A13-year-old 7.3-kg (16.06-lb) sexually intact male Dachshund was evaluated because of acute pulmonary edema that developed during the preceding night. The dog was admitted to the emergency room and treated with furosemide and supplemental oxygen. A history of dry cough of 2 weeks’ duration was reported. The next day, the dog was examined by the cardiology service, at which time it was eupneic, bright, and alert. Cardiac auscultation revealed a grade 5/6 left apical systolic murmur; the heart rate was 160 beats/min with a regular rhythm. Femoral pulse quality was fair, and some asynchronous beats were noted. Lung sounds were considered normal. Other physical examination findings were unremarkable. Results of a serum biochemical panel and CBC were within reference ranges. Echocardiography revealed mild and moderate tricuspid and mitral valve insufficiencies, respectively, in addition to moderate left ventricular and atrial dilation and systolic dysfunction. The owners declined an ECG examination of the dog at this time. The dog was discharged from the hospital, and the owners were instructed to administer enalapril maleate (0.5 mg/kg [0.23 mg/lb], PO, q 12 h), furosemide (2 mg/kg [0.91 mg/lb], PO, q 12 h), and pimobendan (0.3 mg/kg [0.14 mg/lb], PO, q 12 h).
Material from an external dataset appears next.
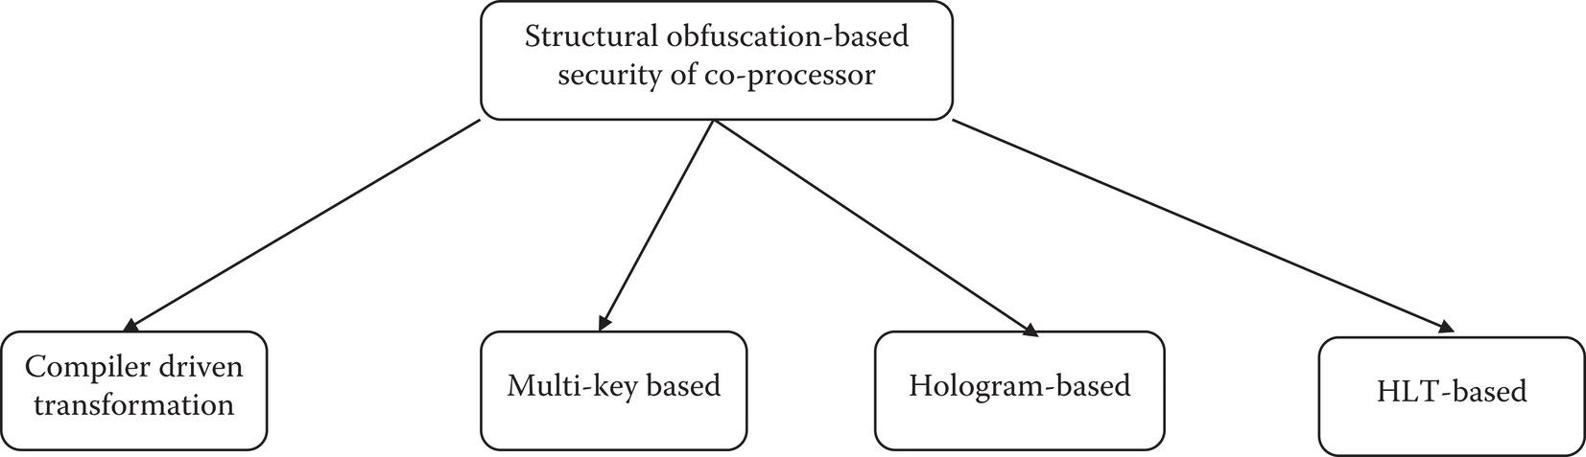 Figure 12 Workflow of structural obfuscation-based security methodology for - photo 2

One week later, the dog was admitted to the emergency room because of another episode of pulmonary edema and tachycardia with an irregular rhythm. The dog had been doing well during the week with rare episodes of dry cough at night, but had suddenly become lethargic and dyspneic. During evaluation, the heart rate was 180 beats/min and the femoral pulses were weak and asynchronous with the heartbeat. Doppler ultrasonographic systolic blood pressure measurement was 110 mm Hg. An ECG recording was obtained for assessment of the rhythm (Figure 1).
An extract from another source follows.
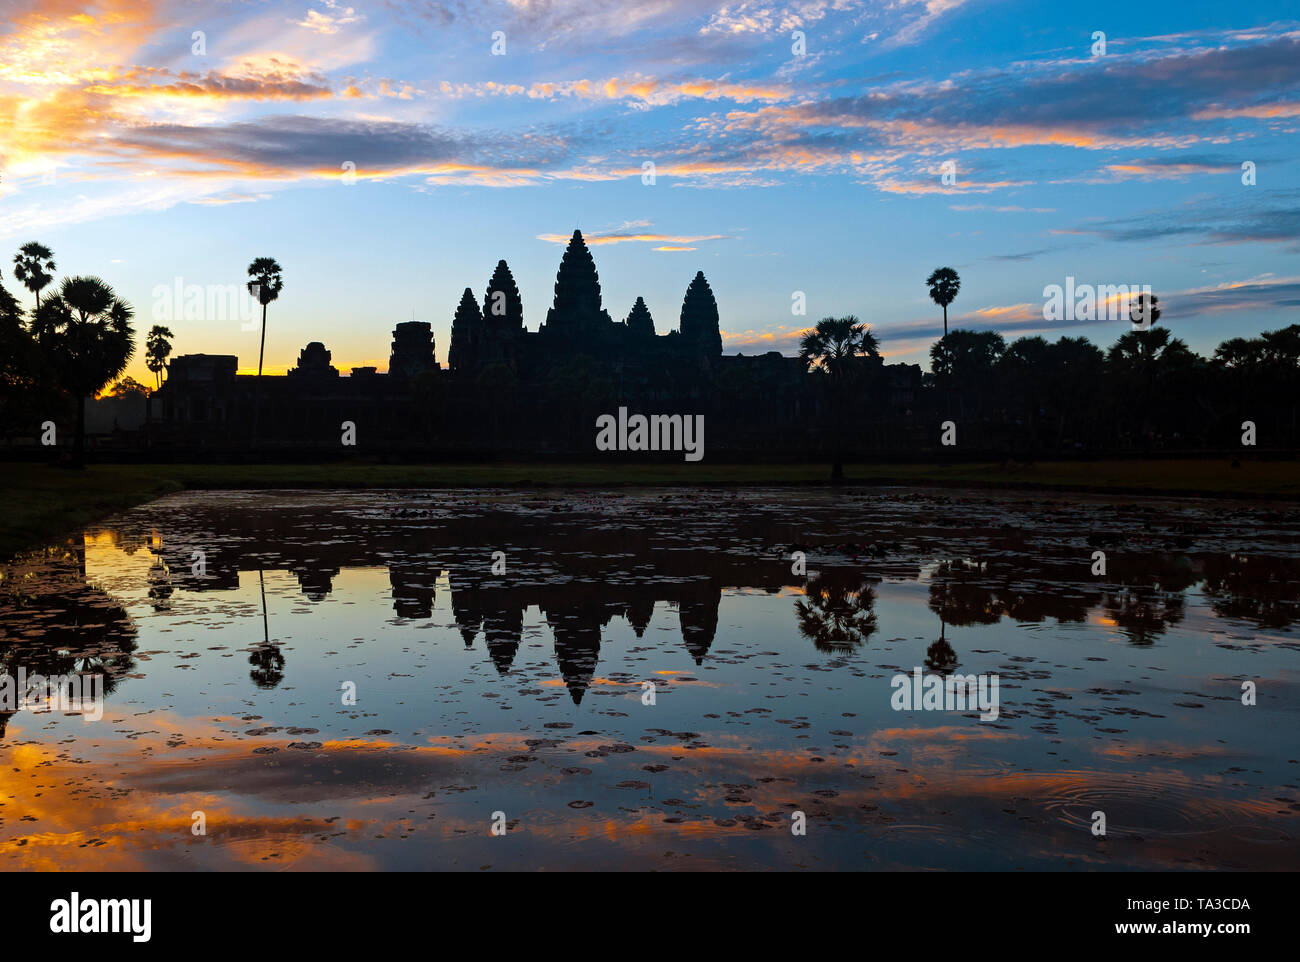 Colourful sunrise reflection in Angkor Wat with the silhouette of the temple towers with khmer architecture style, Siem Reap Province, Cambodia. Stock Photo

Initial ECG tracings (leads II, III, and aVF) obtained from a dog during cardiologie evaluation the day after development of acute pulmonary edema during the preceding night, for which the dog was admitted to the emergency room. In these tracings, notice the wide QRS complex tachycardia (heart rate, 174 beats/min) with a right bundle branch block pattern. P waves are intermittent. The R-wave variation is respiratory artifact. Paper speed = 25 mm/s; 1 cm = 1 mV.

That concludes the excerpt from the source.